What is needed —
The reply is to contain the full listing, repeated exactly, with pictures left out.

Information supplied —

= Beginning of Section =

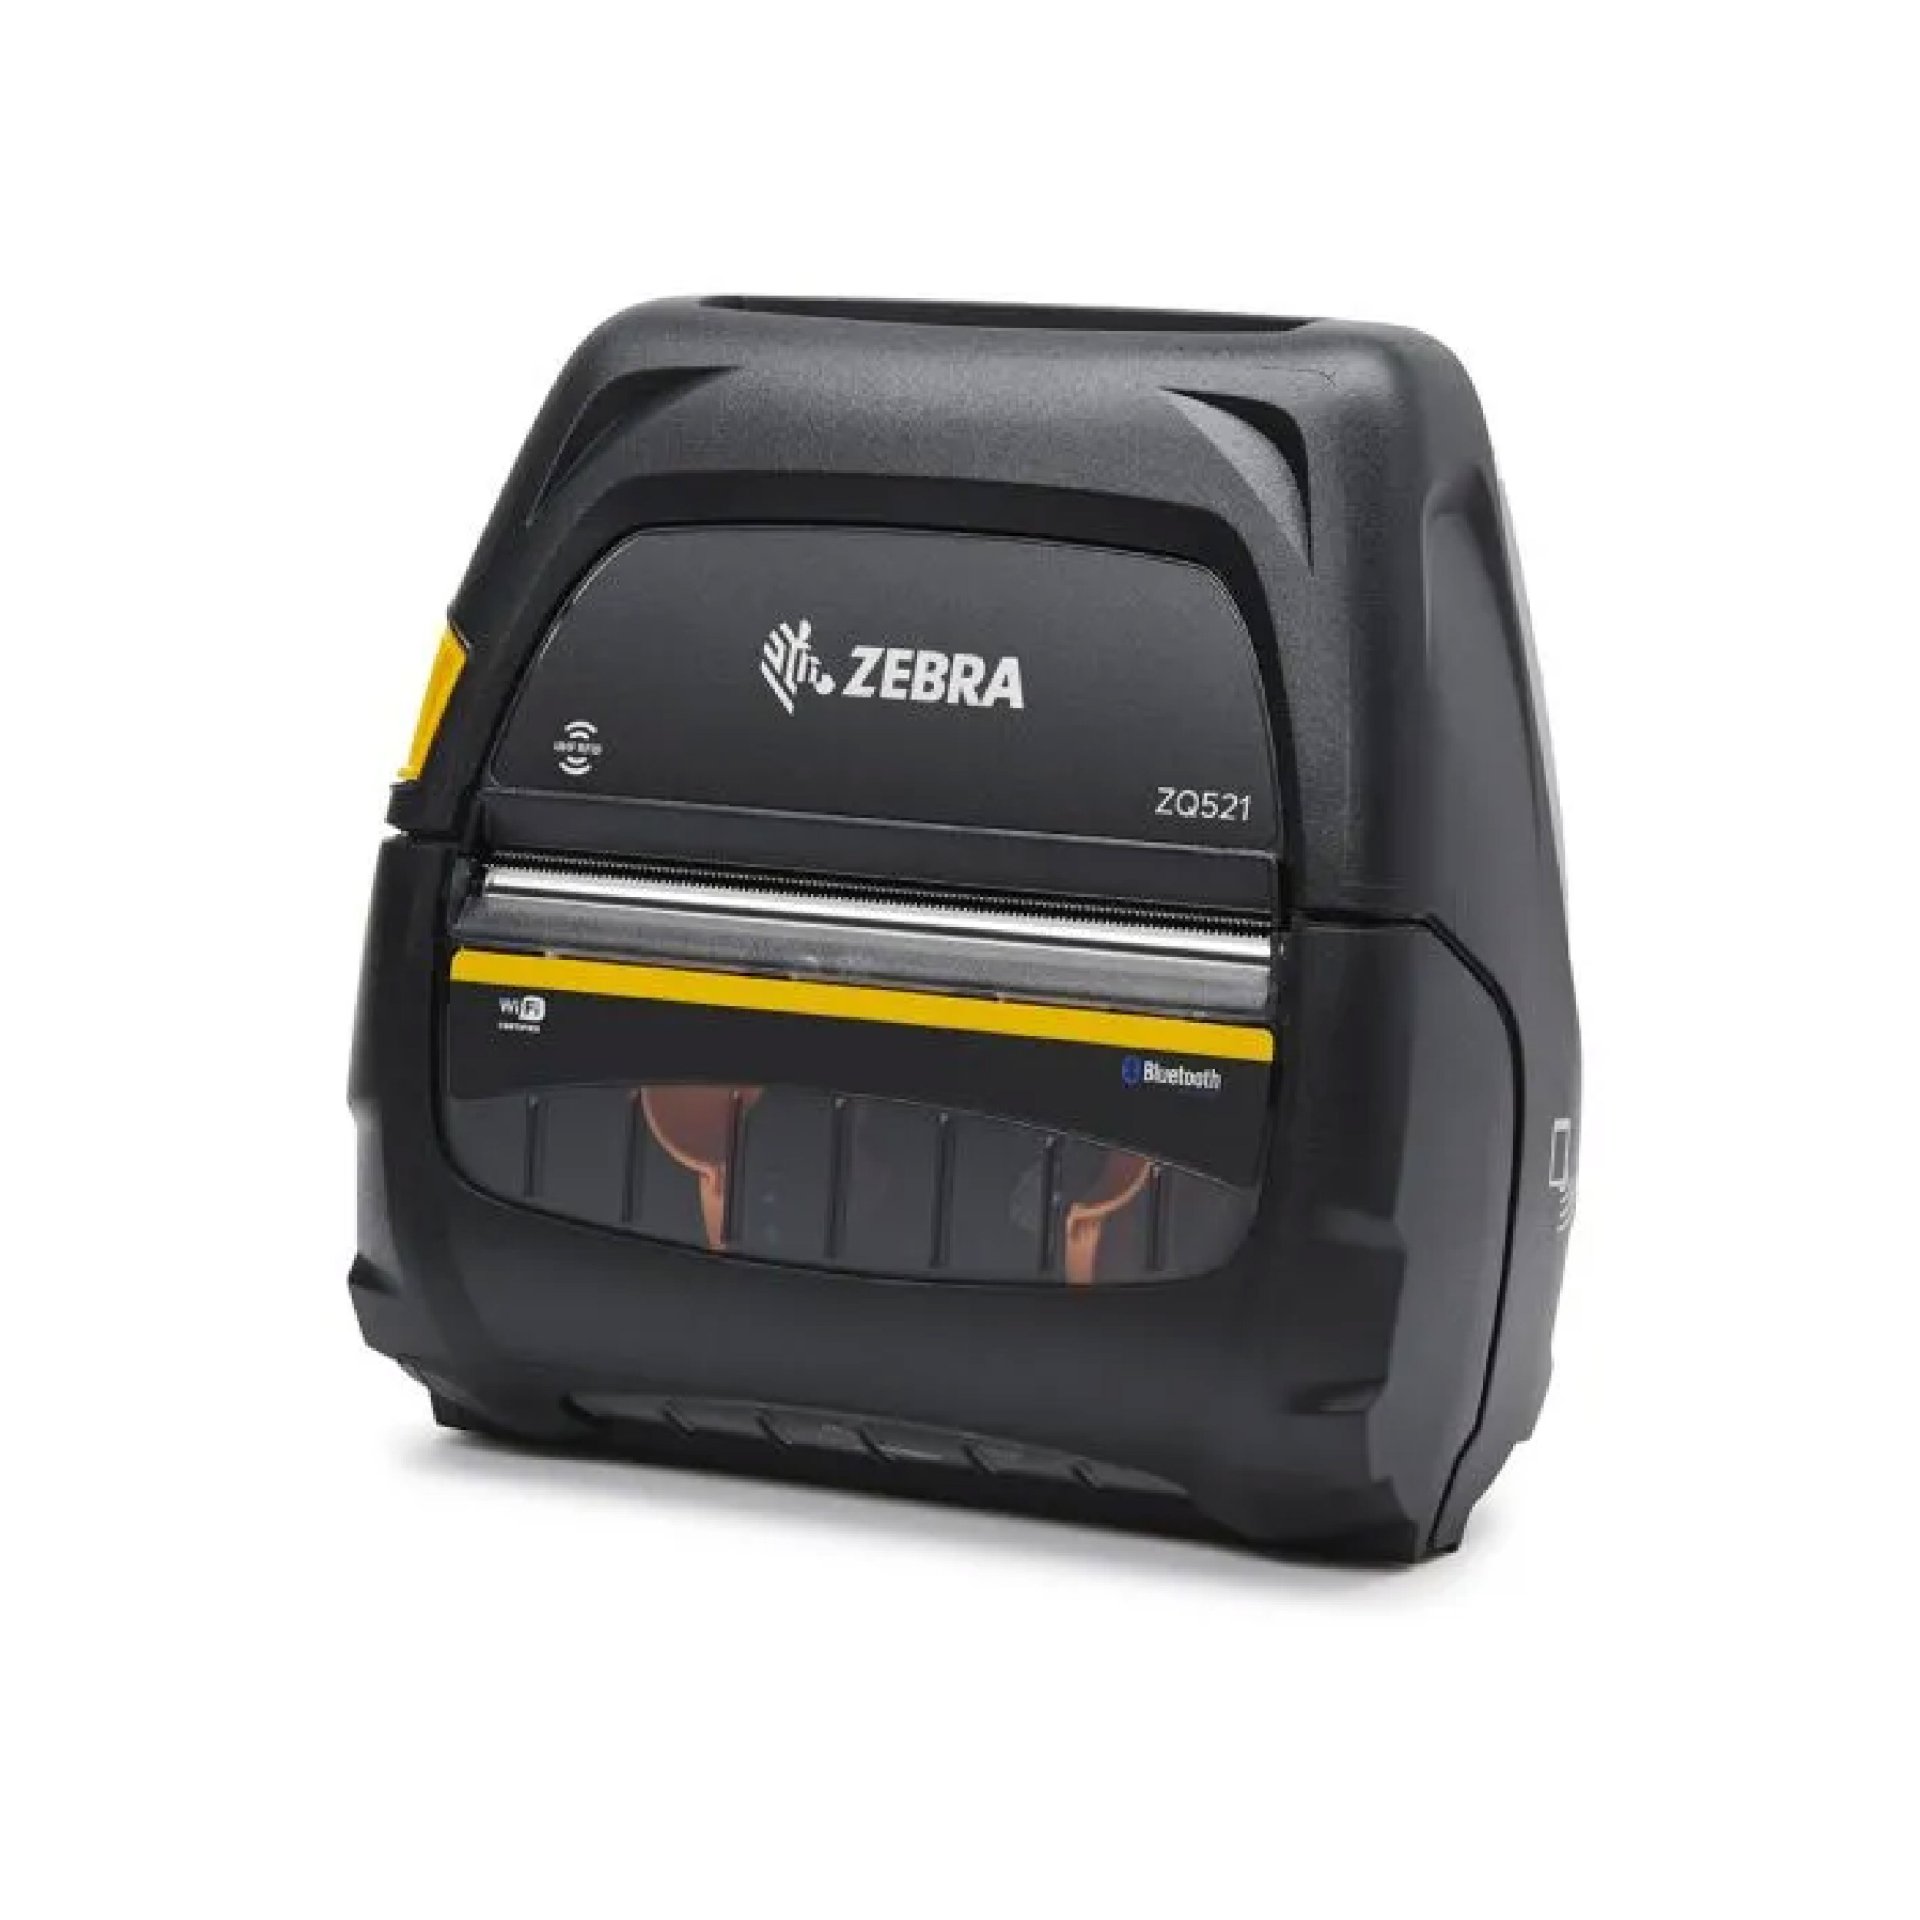 เครื่องพิมพ์ใบเสร็จ แบบพกพา Zebra รุ่น Zq521 Cps 6726
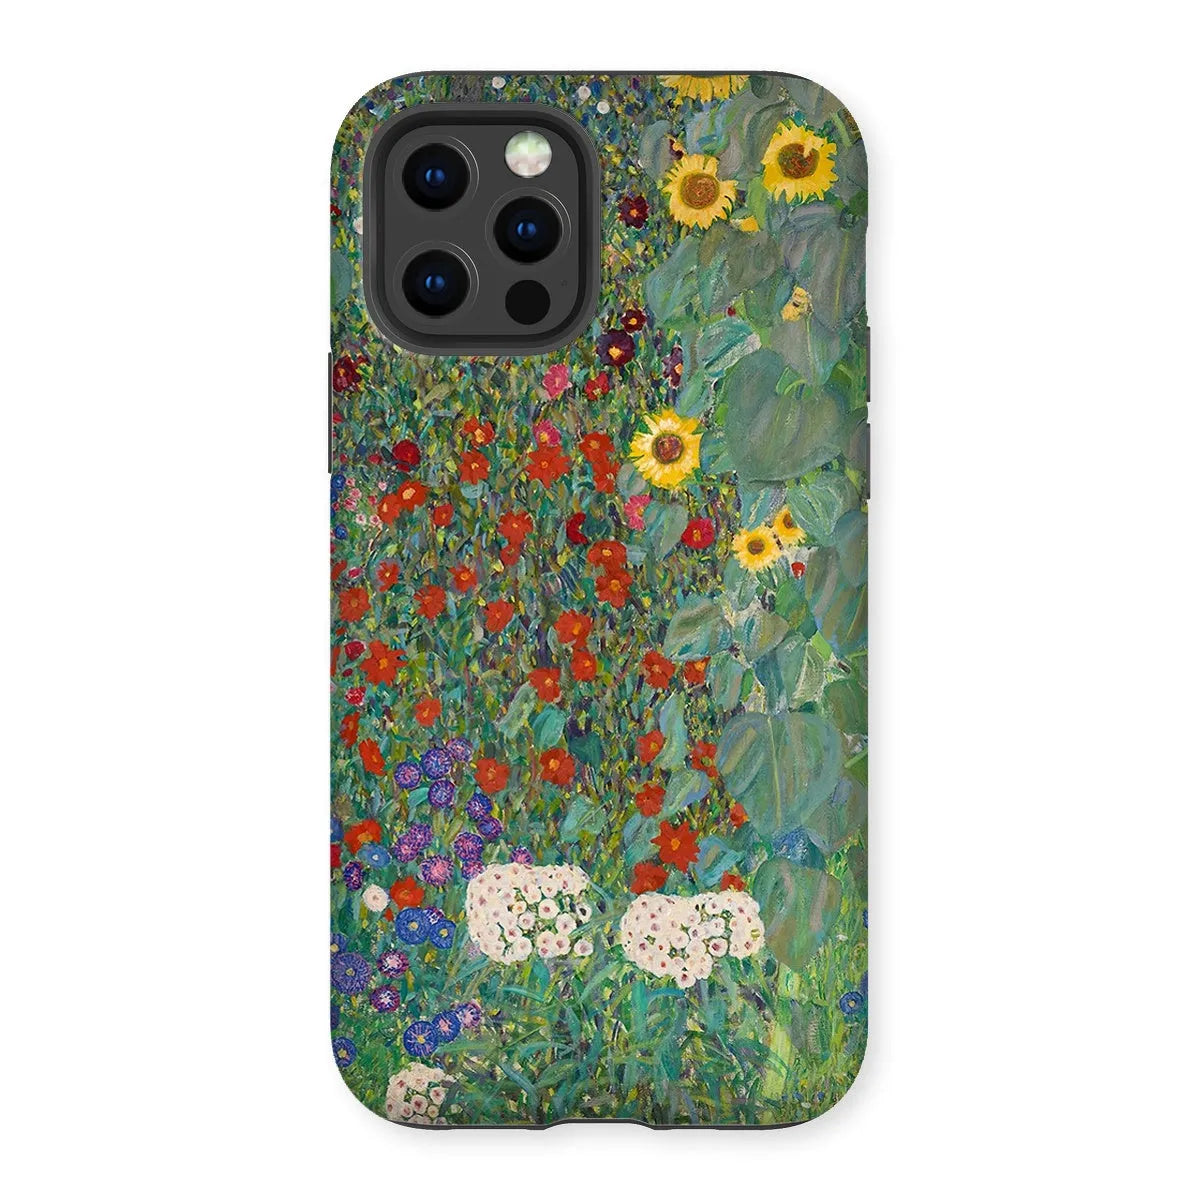 Farm Garden With Sunflowers Art Phone Case - Gustav Klimt - Iphone 12 Pro / Matte - Mobile Phone Cases - Aesthetic Art
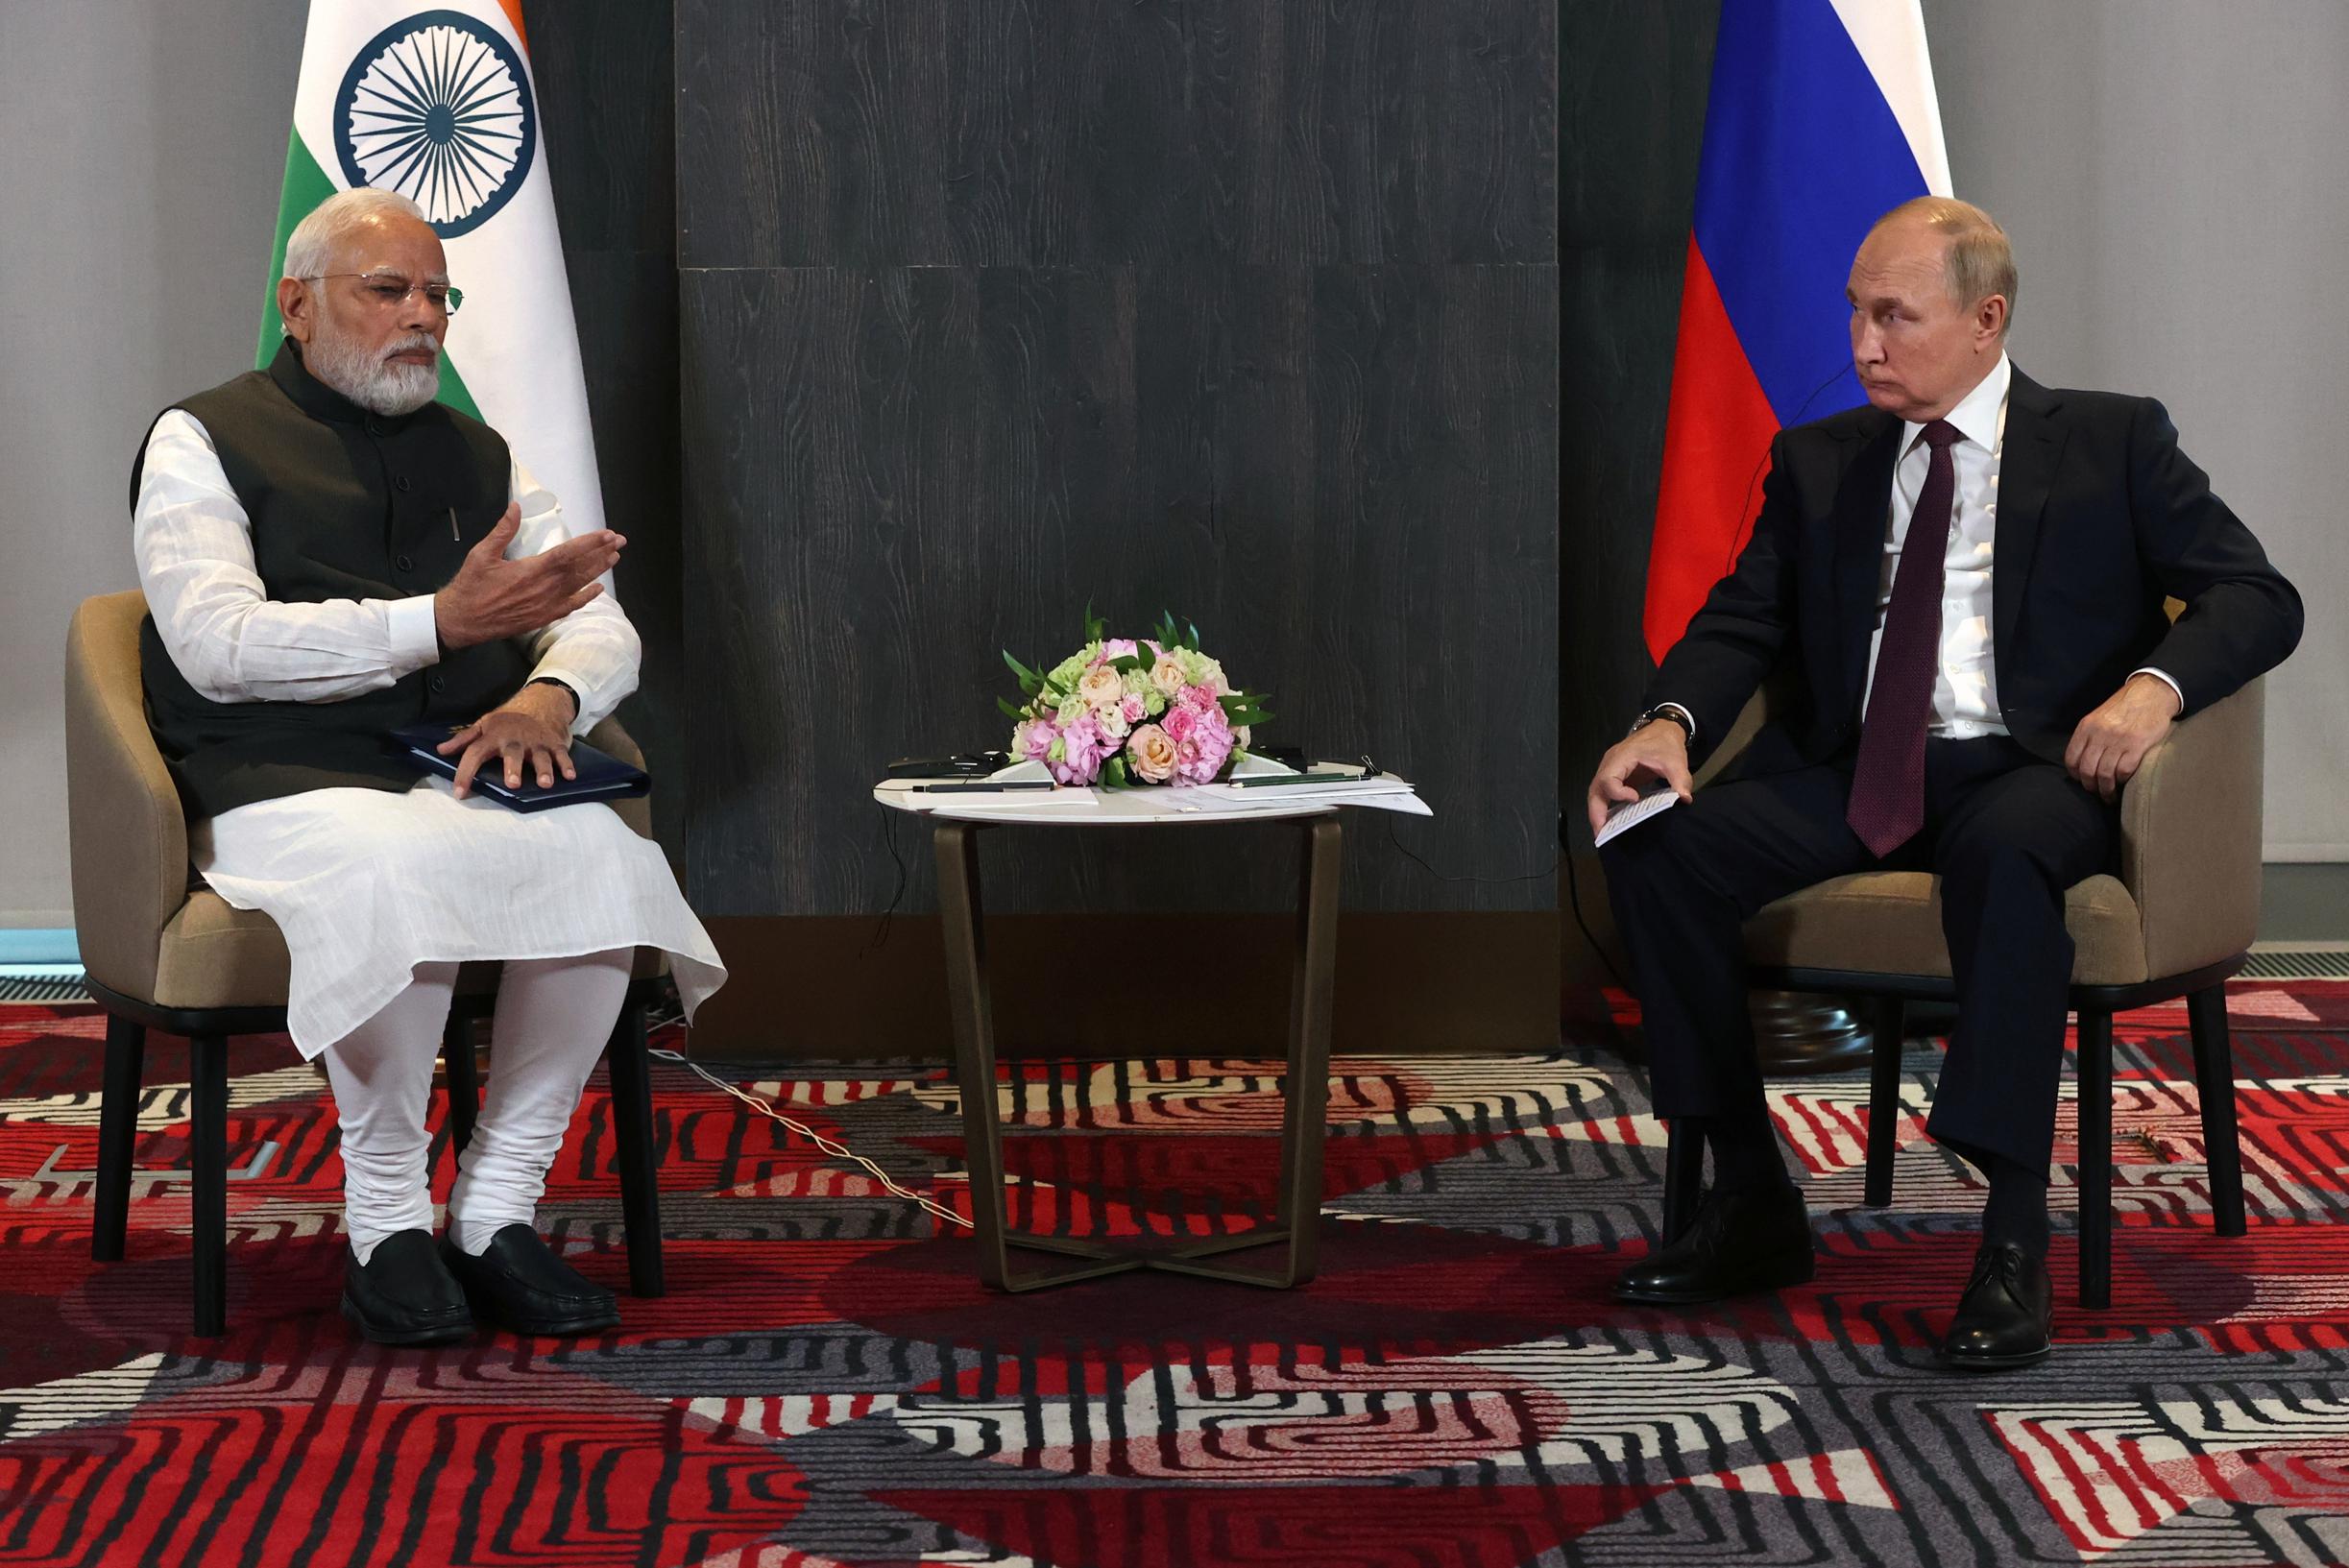 Dopo la Cina, l’India sta ora cliccando sulle dita di Putin sulla guerra in Ucraina

= End of Section =

Solution —
 เครื่องพิมพ์ใบเสร็จ แบบพกพา Zebra รุ่น Zq521 Cps 6726
 Farm Garden With Sunflowers Art Phone Case - Gustav Klimt - Iphone 12 Pro / Matte - Mobile Phone Cases - Aesthetic Art
 Dopo la Cina, l’India sta ora cliccando sulle dita di Putin sulla guerra in Ucraina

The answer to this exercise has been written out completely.